**What is required**. Print, word for word, only the lines from the one with "4 Radioen digitaliseres" down to the last line of the listing below; no pictures.

**Information provided**.
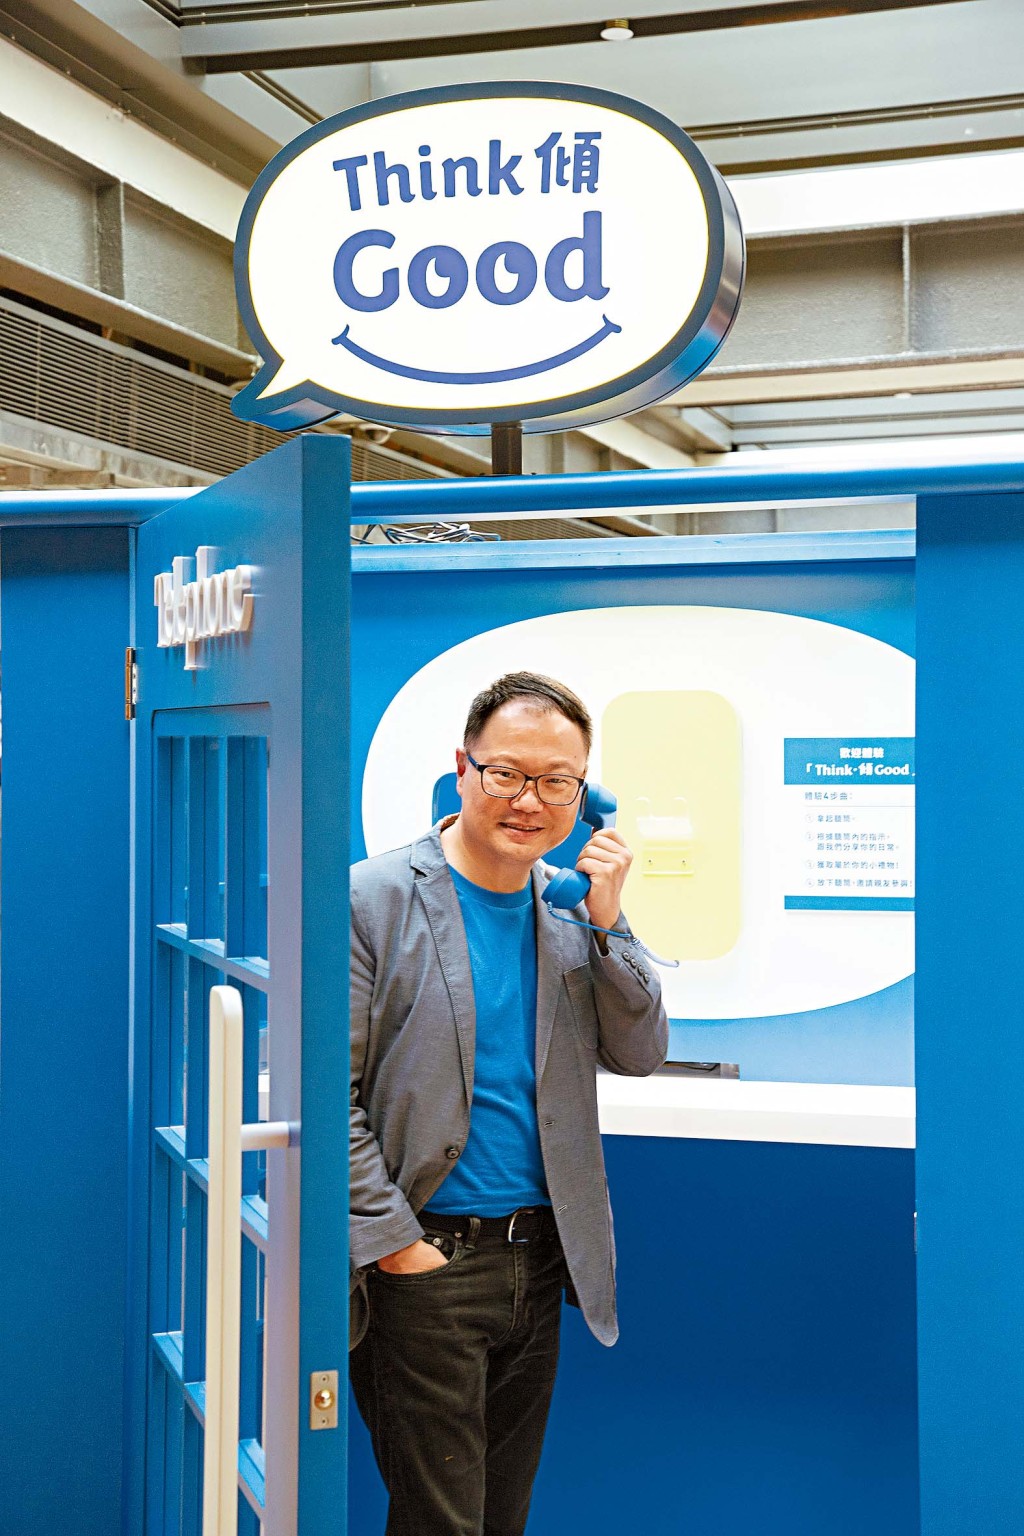 ■「Think．傾 Good」活動設電話亭裝置，讓參加者與義工分享自己的感恩經歷。
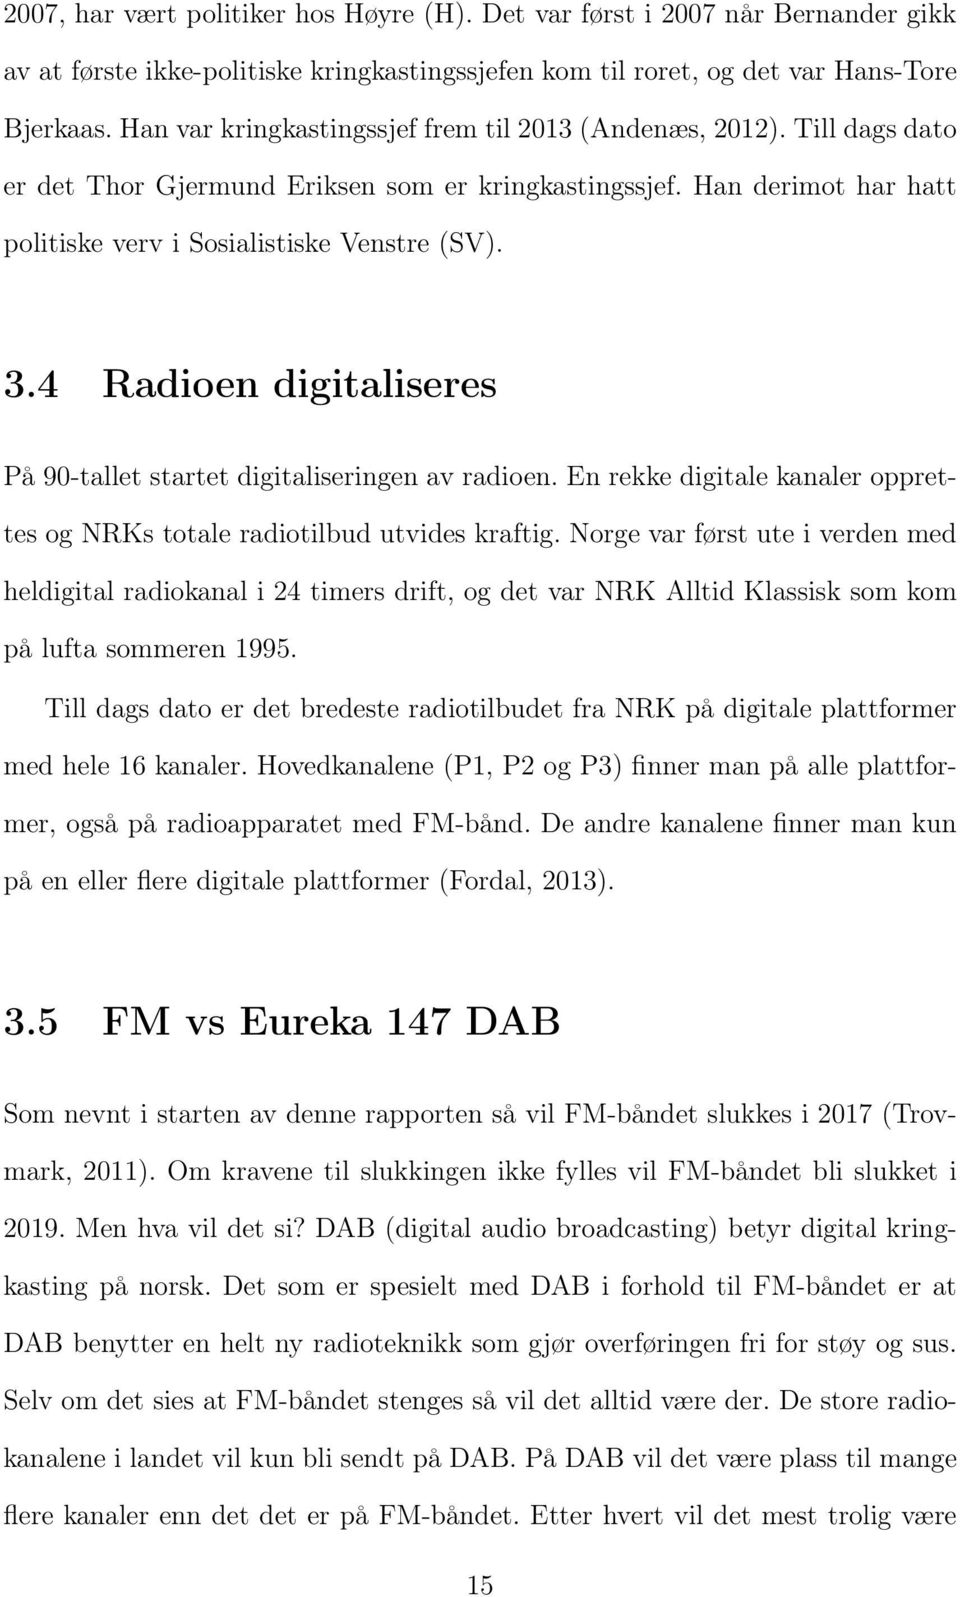 4 Radioen digitaliseres På 90-tallet startet digitaliseringen av radioen. En rekke digitale kanaler opprettes og NRKs totale radiotilbud utvides kraftig.
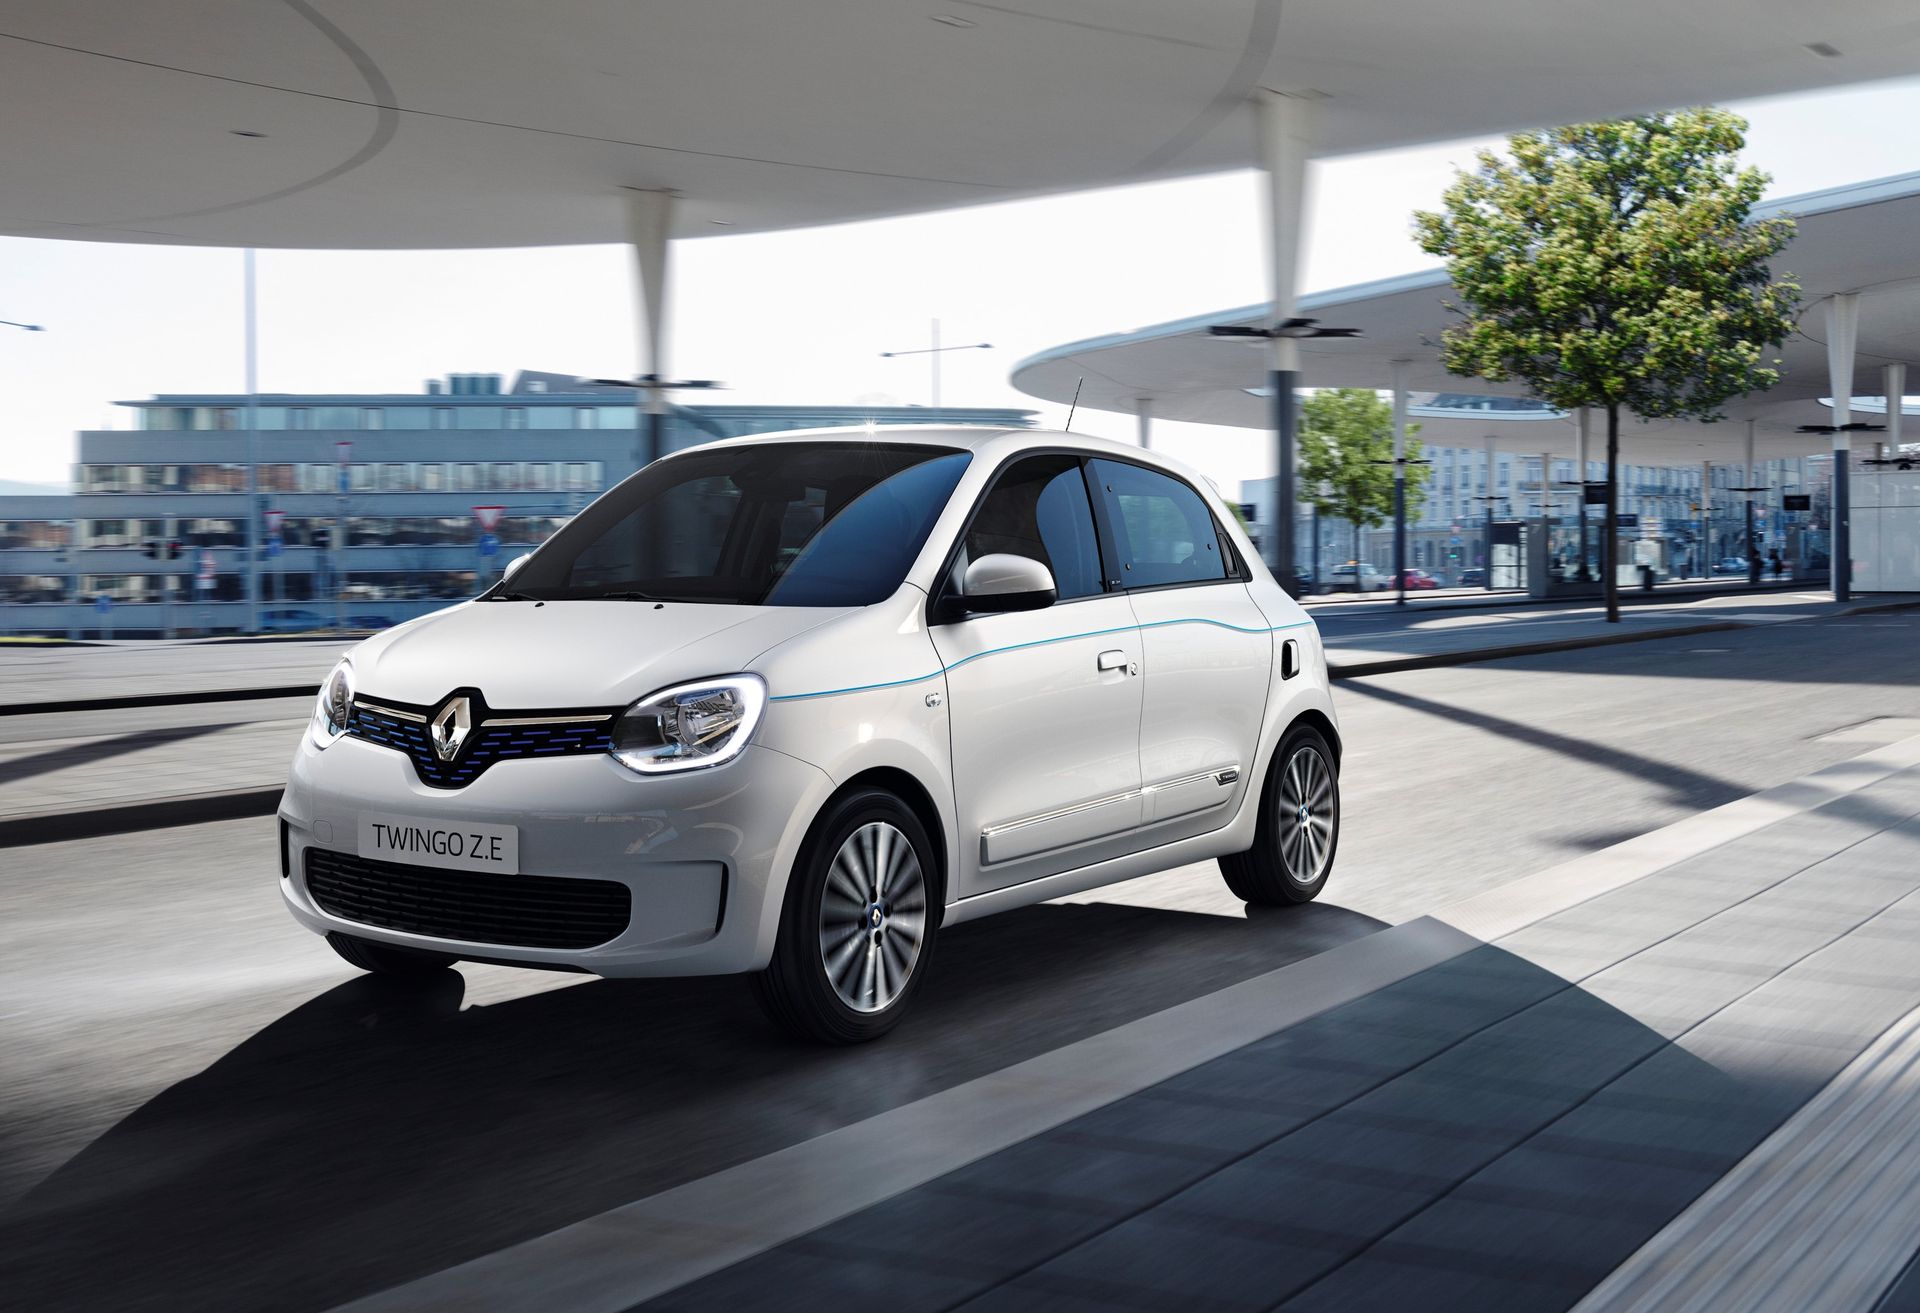 Essai auto : Renault Twingo E-Tech, pour éviter le low-cost
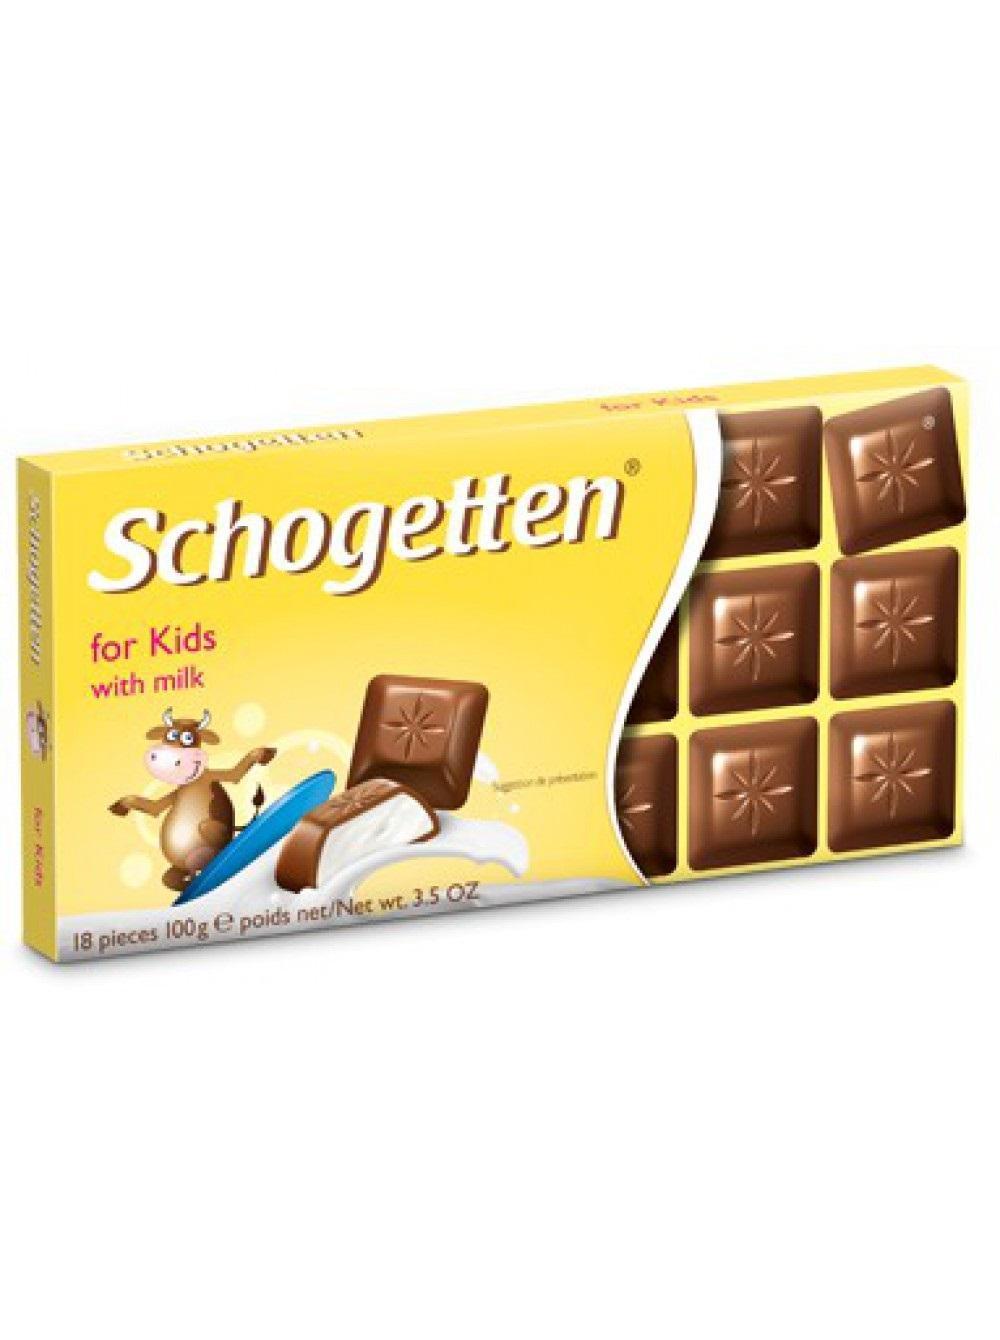 Шоколад Schogetten FOR KIDS молочный с кремовой сливочной начинкой, комплект 3 шт по 100 гр., картон

**Task result**.
 4 Radioen digitaliseres På 90-tallet startet digitaliseringen av radioen. En rekke digitale kanaler opprettes og NRKs totale radiotilbud utvides kraftig.
 Essai auto : Renault Twingo E-Tech, pour éviter le low-cost
 Шоколад Schogetten FOR KIDS молочный с кремовой сливочной начинкой, комплект 3 шт по 100 гр., картон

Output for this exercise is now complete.